その艦体には、火の精霊サラマンダーの絵が施されている。
「まともに戦っては全滅するしかない。ここは自分の得意戦法しかない」
「まさか、アレをおやりになさるのですか?」
「他にないだろう。マーガレットとジュリエッタを呼んでくれ。作戦を伝える」
それから数時間後。
ヘルハウンドに乗艦するアレックスを歓待する艦橋オペレーター達。
「提督!お久しぶりです」
ヘルハウンドに乗るのは、惑星ミストでの戦闘を終えて帰還する時に乗艦して以来のことである。
「また、おせわになるよ」
艦長のトーマス・マイズナー少佐に語り掛ける。
「歓迎します」
といいながら指揮官席を譲るマイズナー。
少佐なら一個部隊を率いてもよさそうなのであるが、マイズナーはヘルハウンドの艦長という名誉職を辞したくなかったのである。
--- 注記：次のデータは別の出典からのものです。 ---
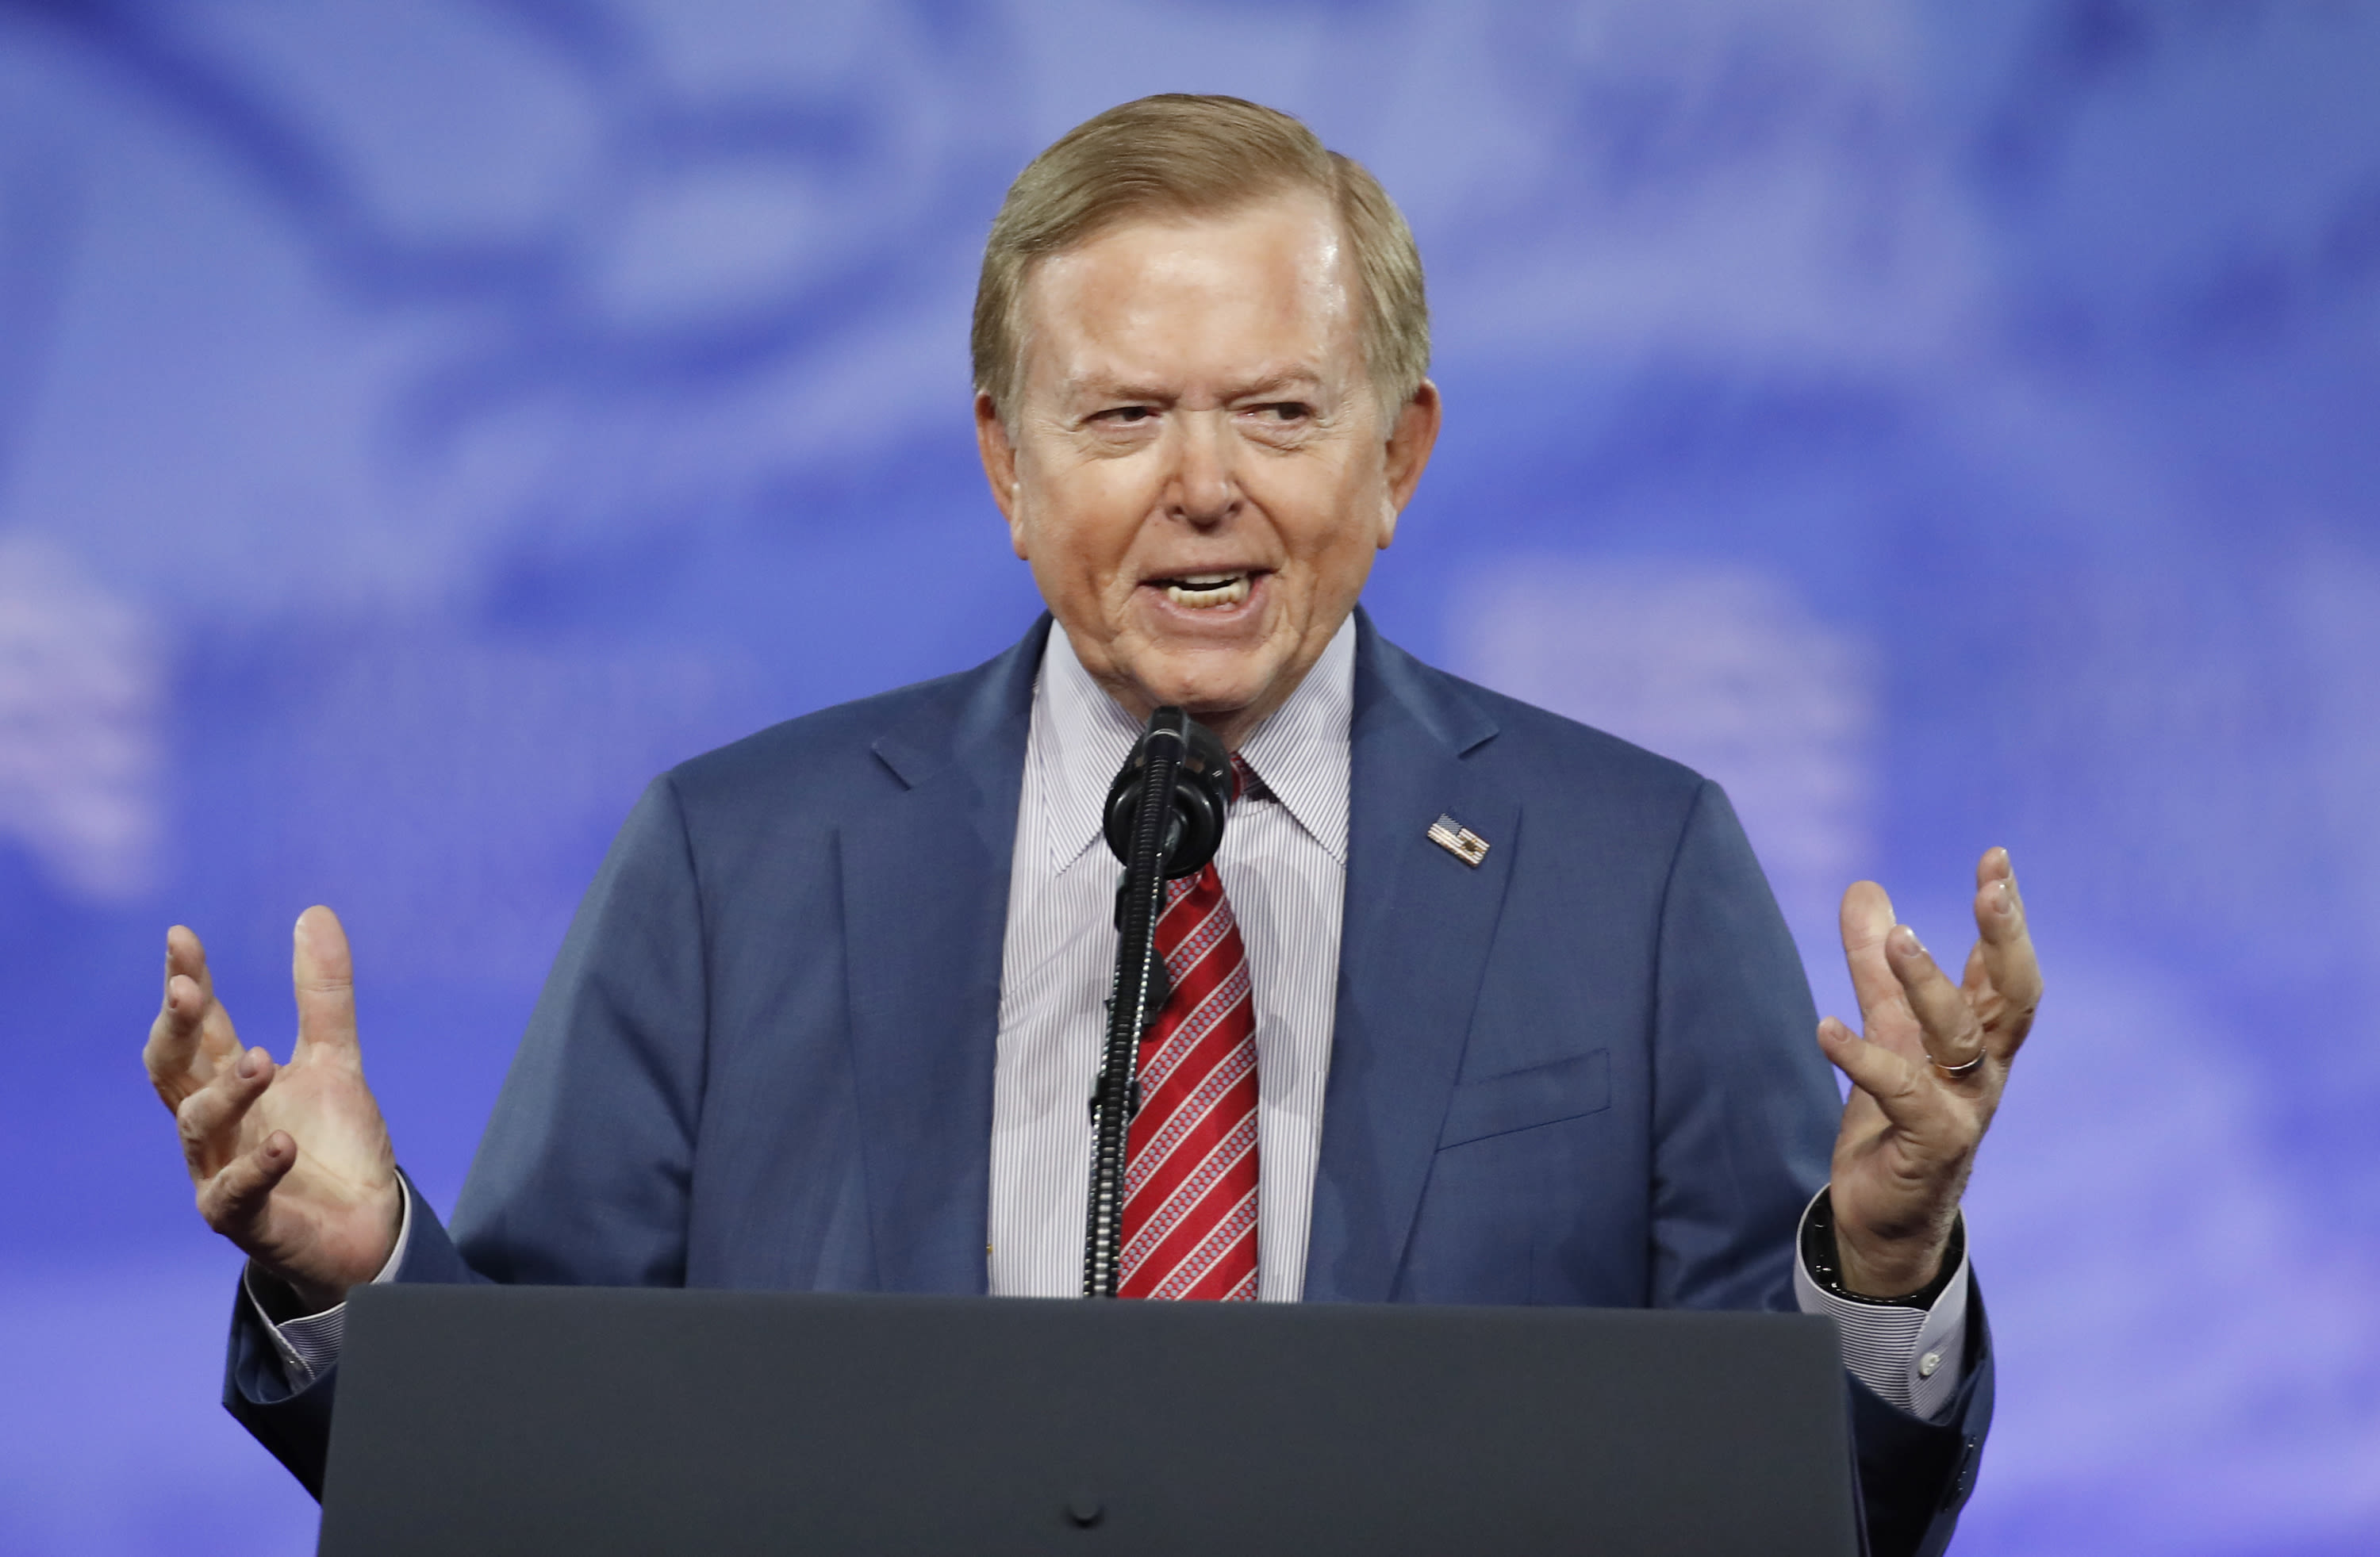 Lou Dobbs, veteran TV news host and conservative commentator, dies at 78
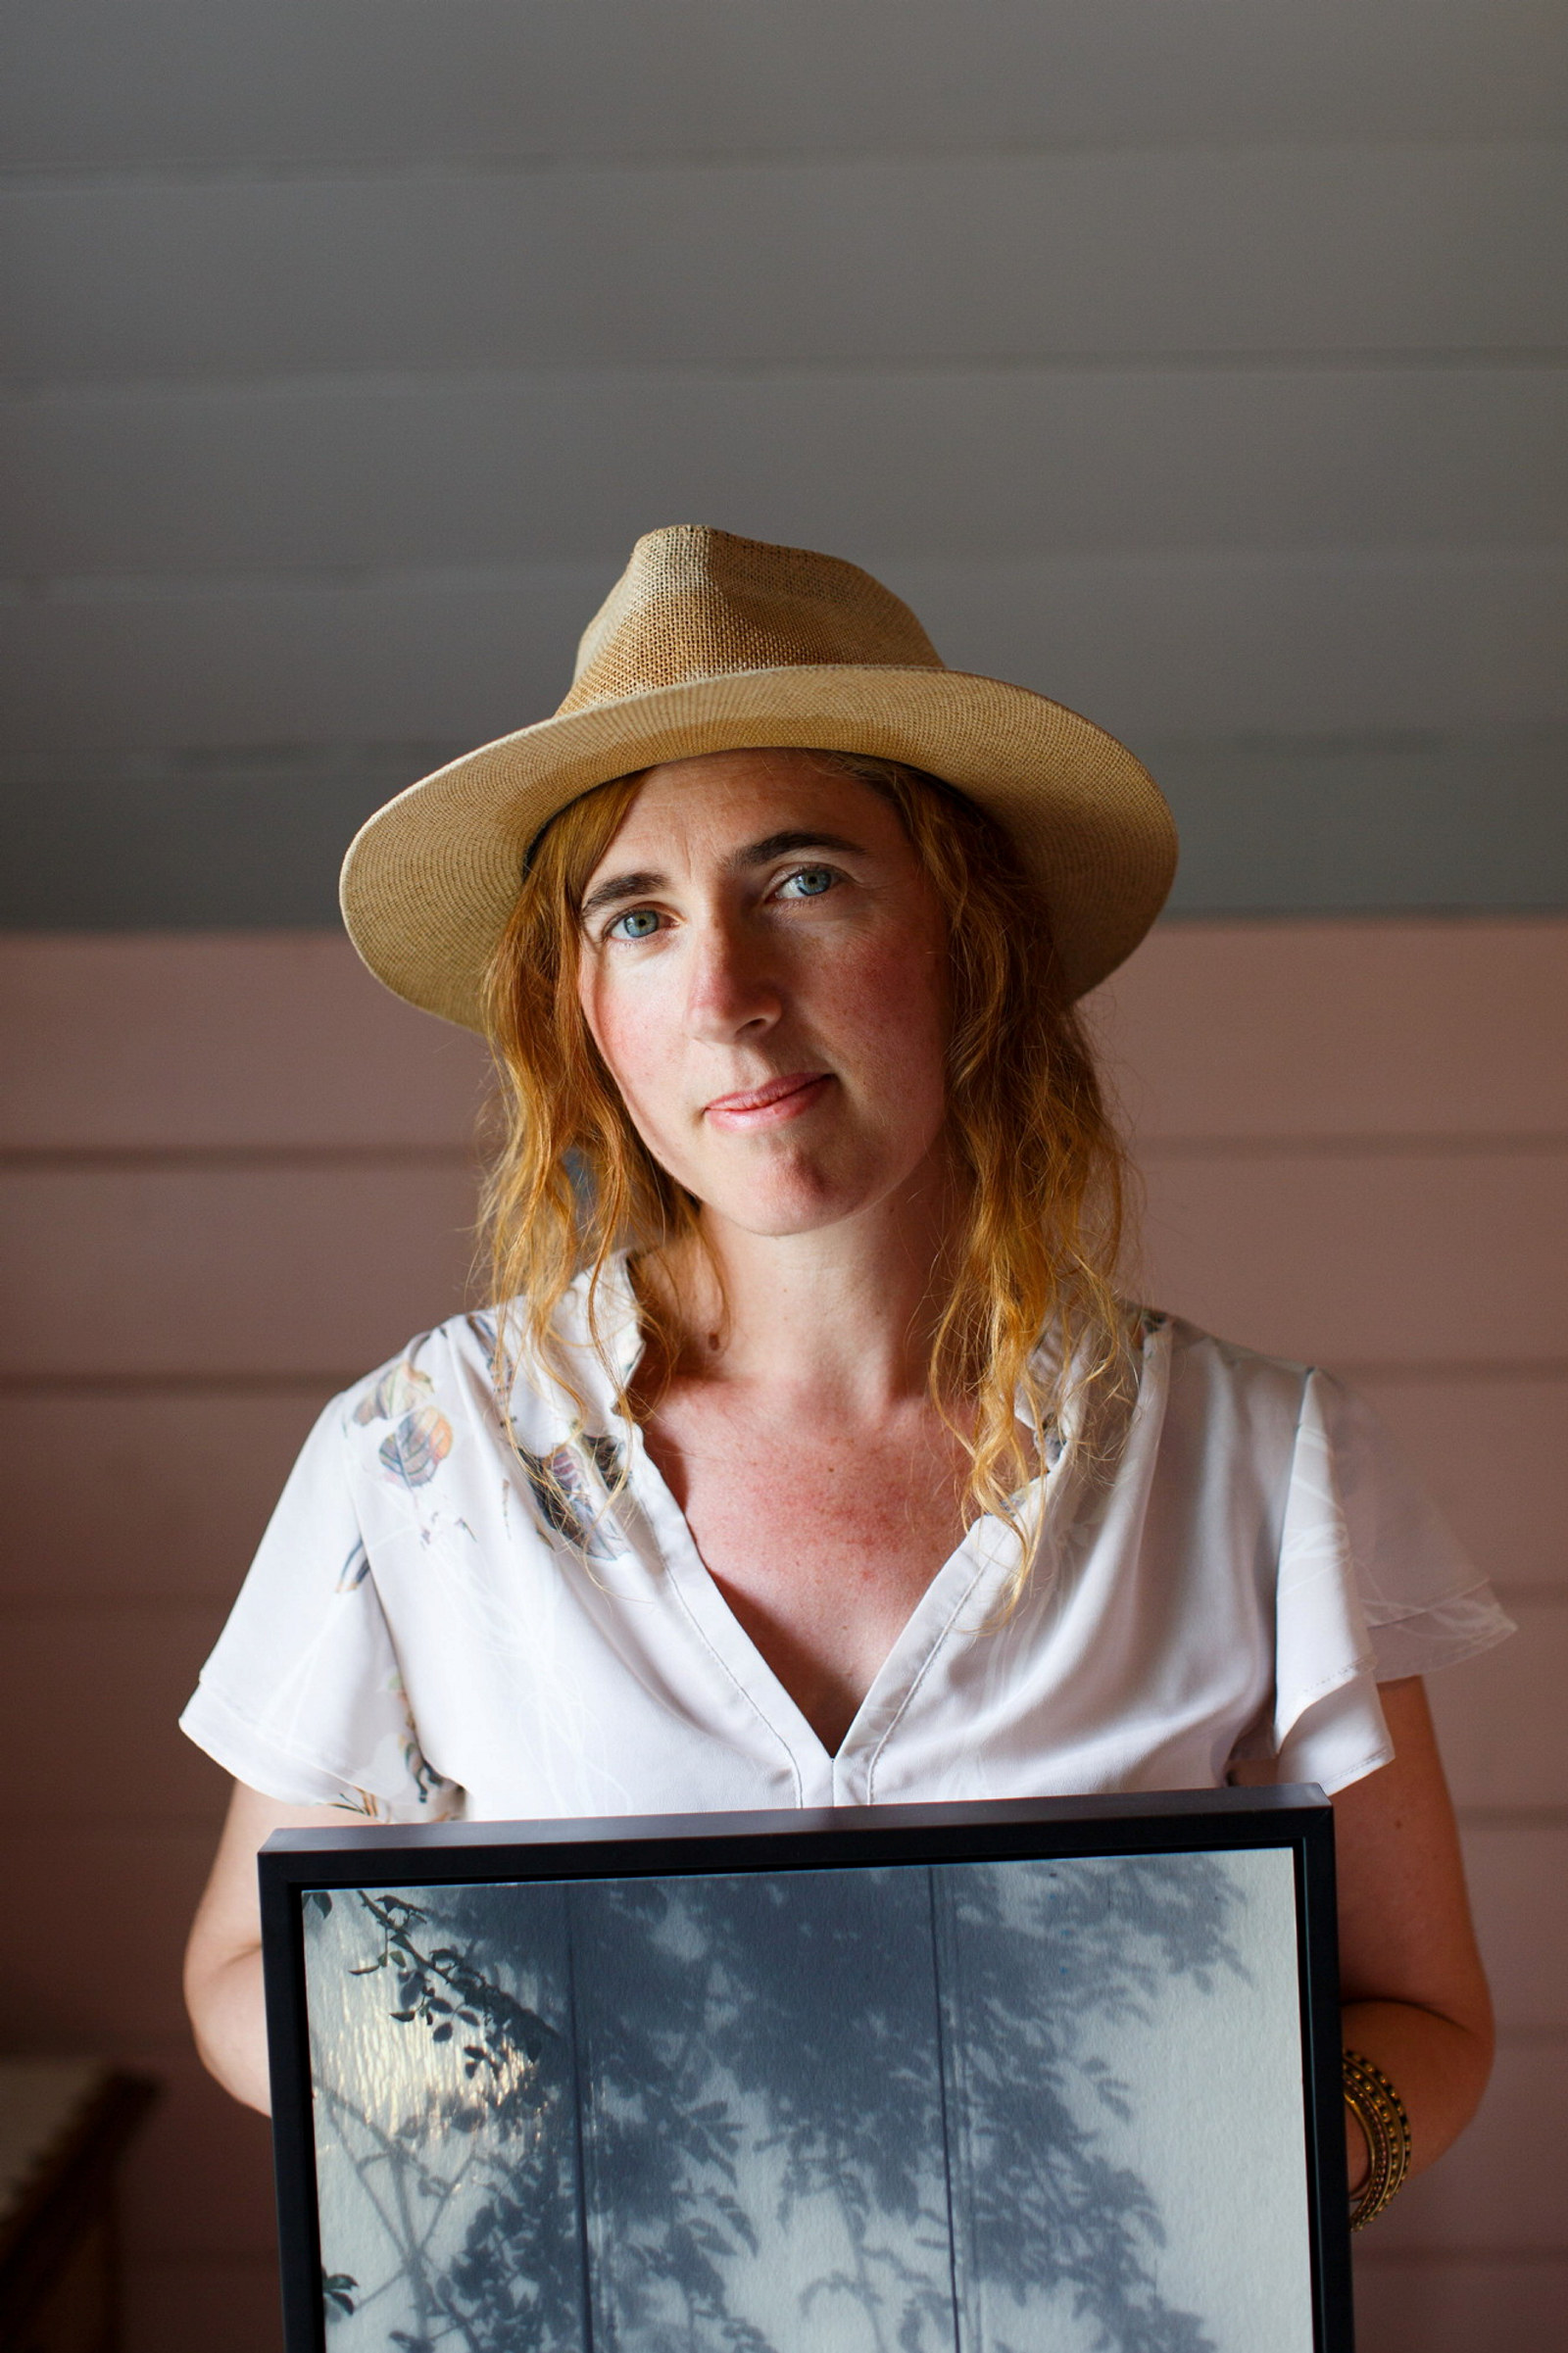 Women in straw hat and white shirt holding photographic artwork

何せその艦体には、英雄の象徴である火の精霊『サラマンダー』が描かれているのだから。サラマンダー艦隊という呼称の元祖だった。
アレックスは、その思いを酌んで艦長職を続けさせている。
本来の自分の艦長席に戻る。
この席も最初は、スザンナ・ベンソン准尉が座っていた席でもある。
スザンナが少佐となり、アレックスの招聘を受けて旗艦部隊司令に叙されて、その後釜に入って以来ずっとこの席を守り続けていた。
「各艦長が出ております」
正面のパネルスクリーンに、分割されて各艦長の映像が出ていた。
「再び一緒に戦えるのを光栄に思います」
「提督のご指示に従います」
「オニール提督とて敵となれば戦います」
などと戦いの前の思いを語っていた。
「これより恒例のドッグファイトをやるぞ。みんな気合は十分か?」
艦橋内に響き渡るようにアレックスが大声を上げる。
「おお!」
「いつでもどうぞ!」
同様にオペレーター達も、片手を上に挙げて大声で返す。
闘志は十分だった。
「よろしい!微速前進!」
巡航艦ヘルハウンドと十二隻の艦艇が密かに艦隊を離れてゆく。
かつてのミッドウェイ会戦に参加した精鋭部隊である。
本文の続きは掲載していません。